• **WHAT YOU ARE ASKED TO DO**
Please return the data that follows precisely as written, but without the images.

• **SUPPLIED MATERIAL**
......
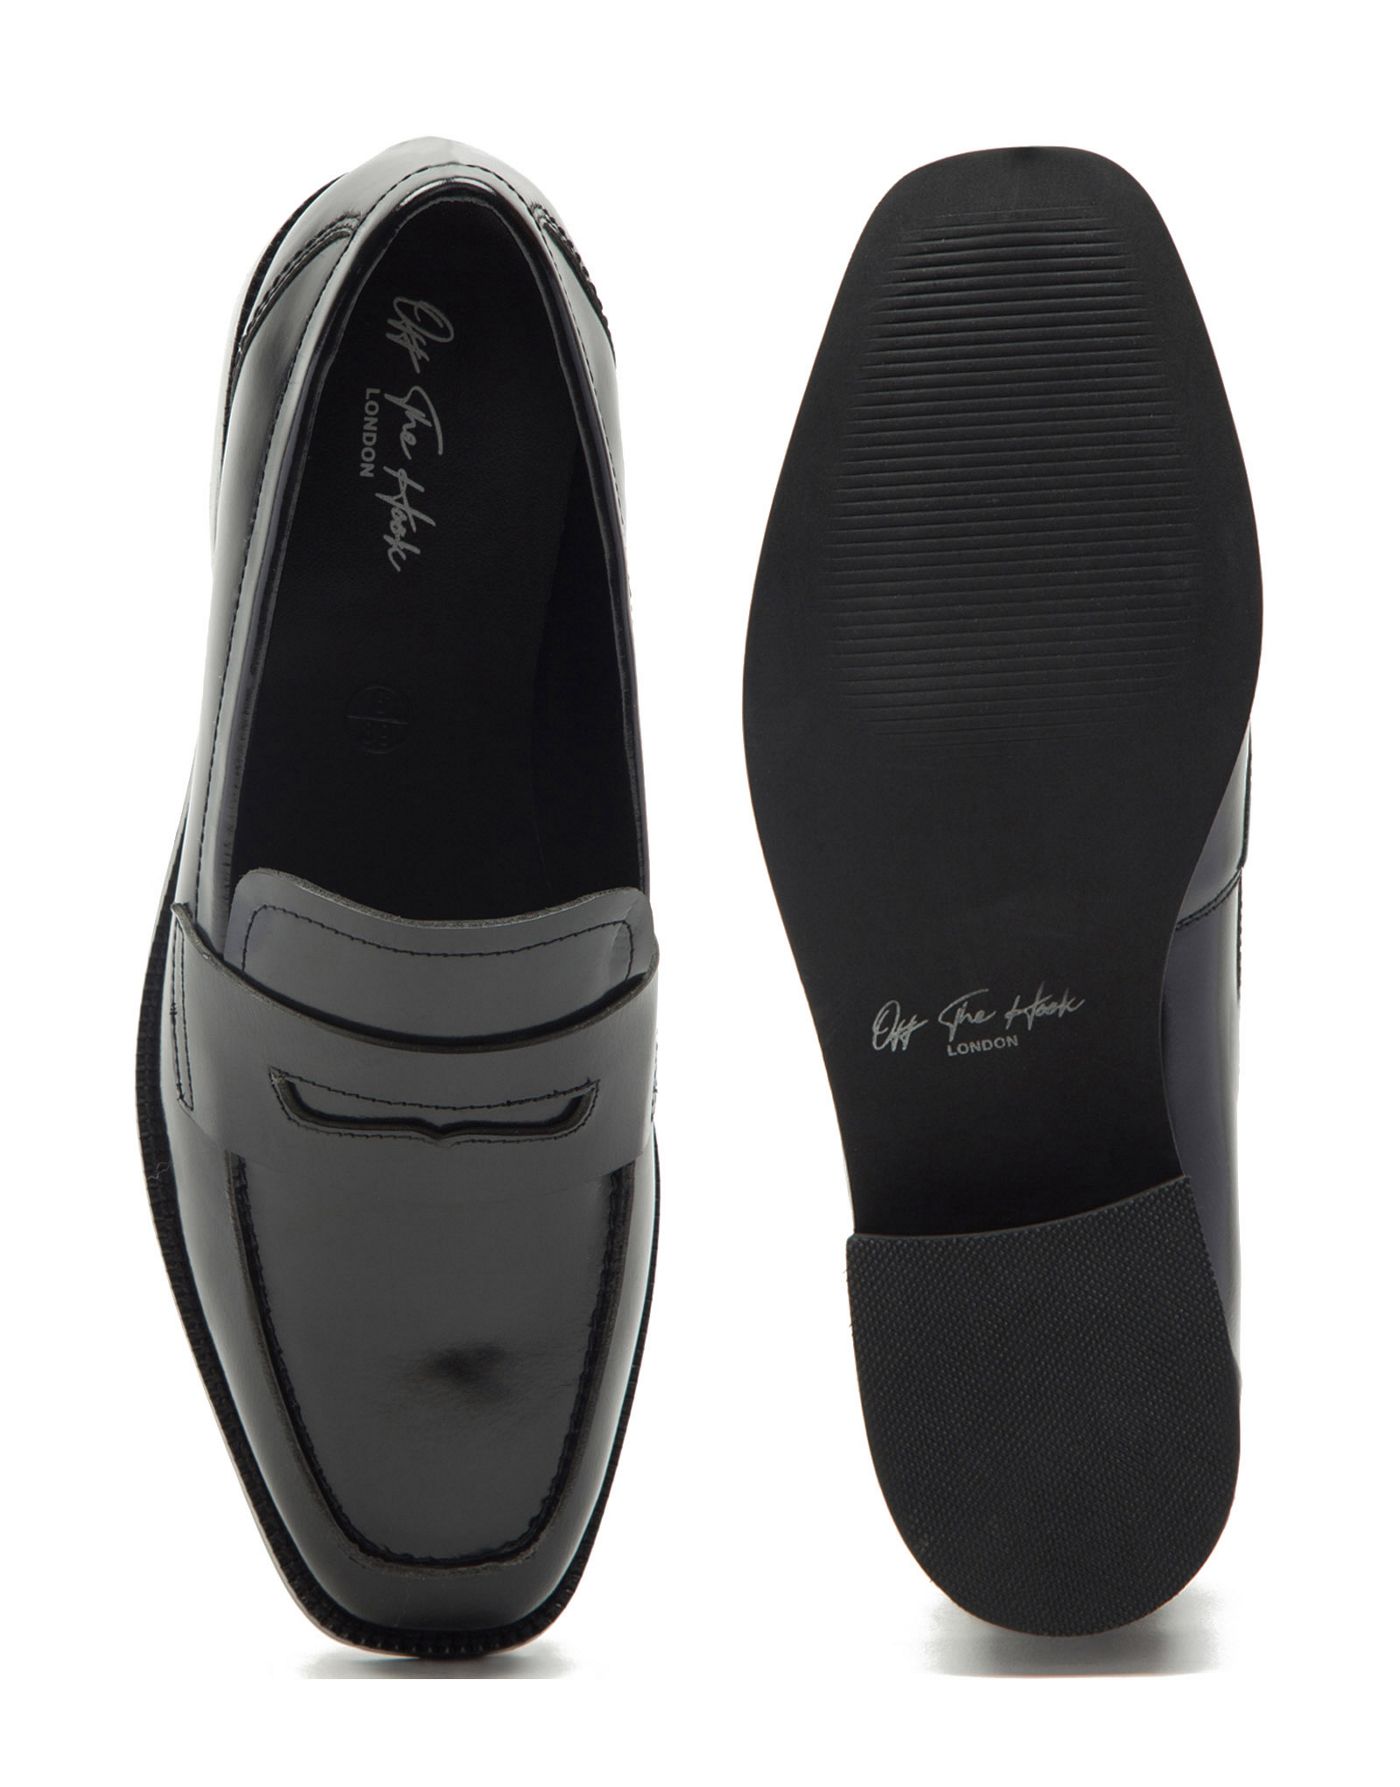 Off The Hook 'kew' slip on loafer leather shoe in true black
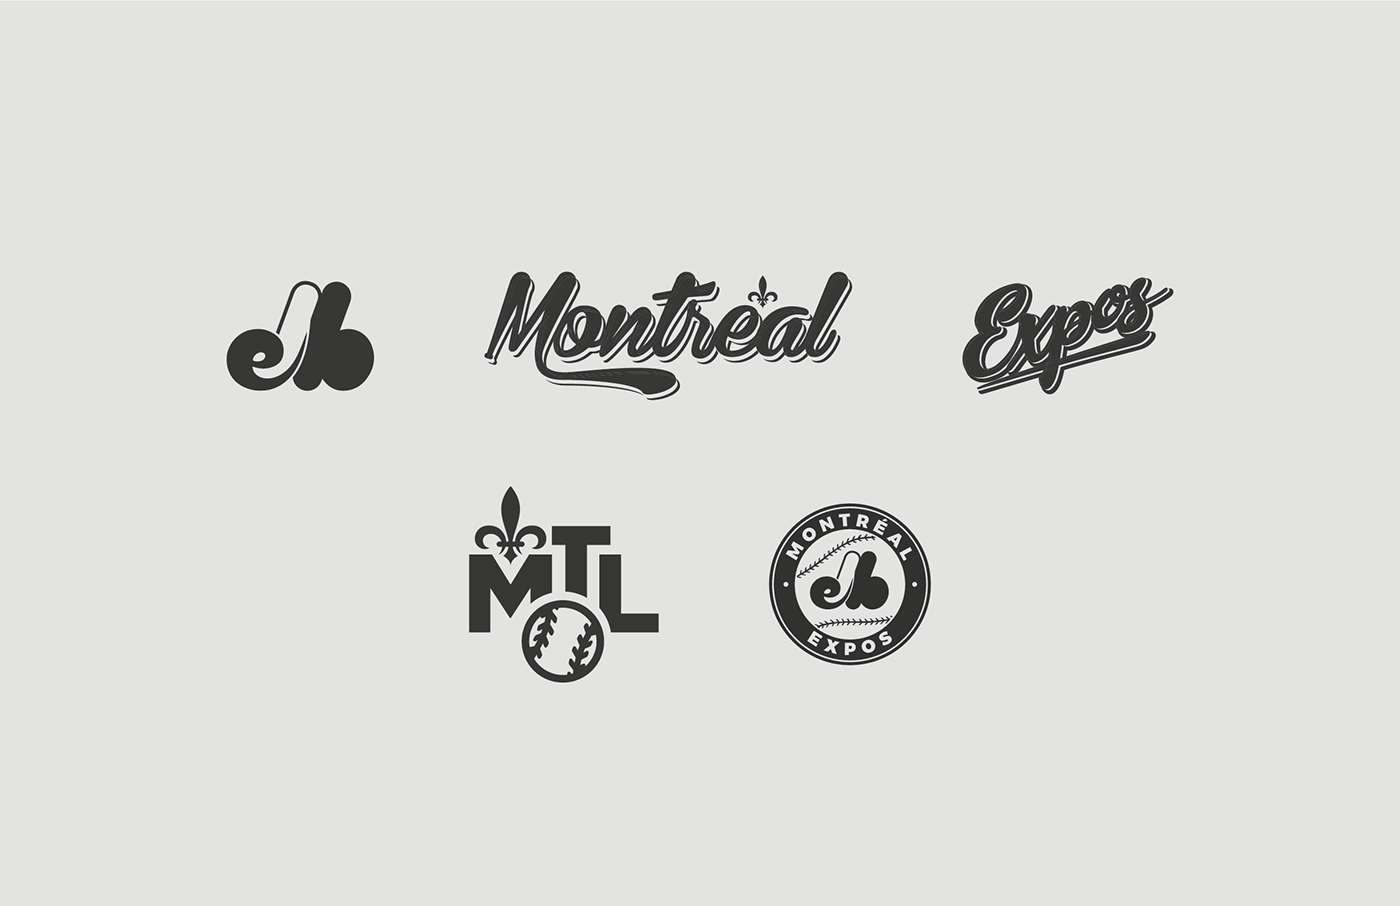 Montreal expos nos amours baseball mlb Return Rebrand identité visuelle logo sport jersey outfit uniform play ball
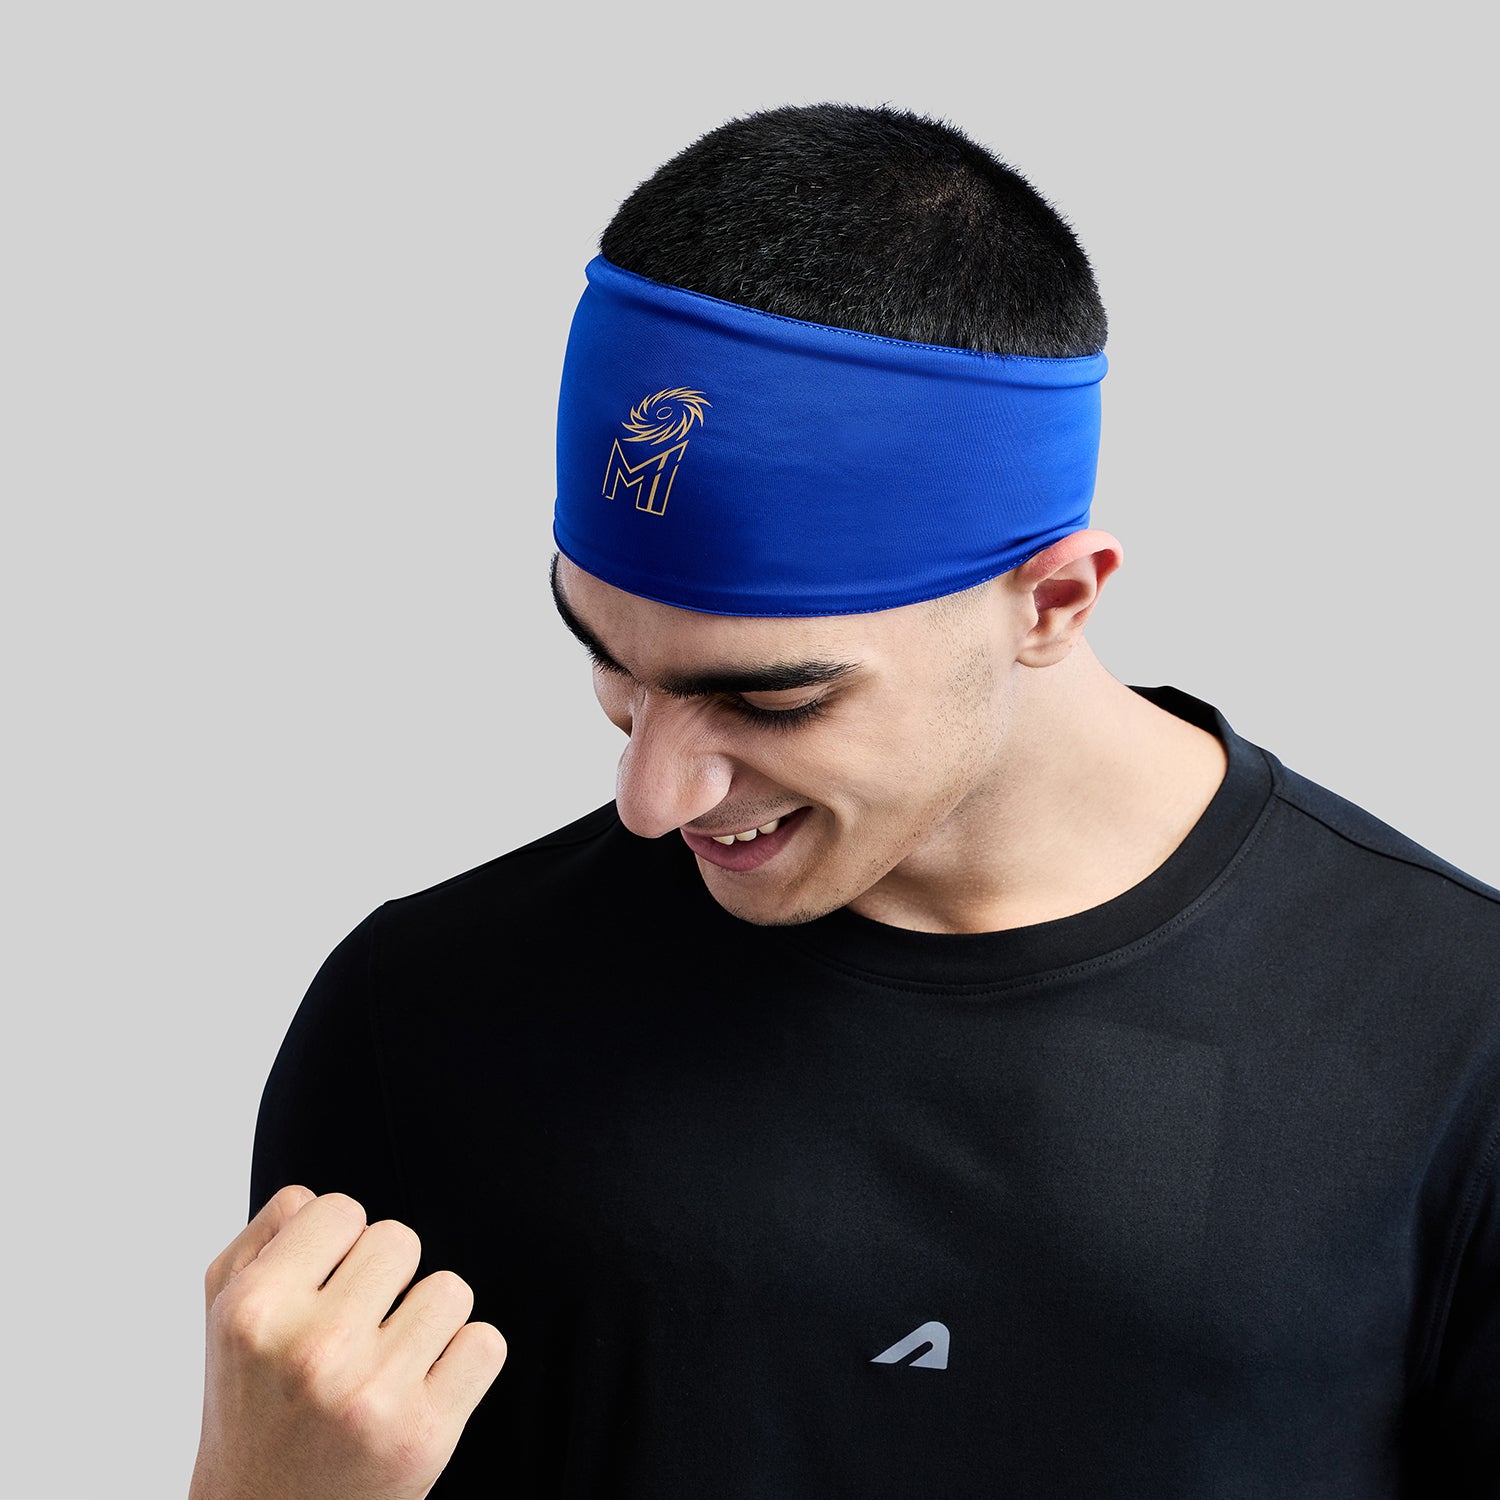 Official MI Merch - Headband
......
• **RESPONSE**
 Off The Hook 'kew' slip on loafer leather shoe in true black
 Montreal expos nos amours baseball mlb Return Rebrand identité visuelle logo sport jersey outfit uniform play ball
 Official MI Merch - Headband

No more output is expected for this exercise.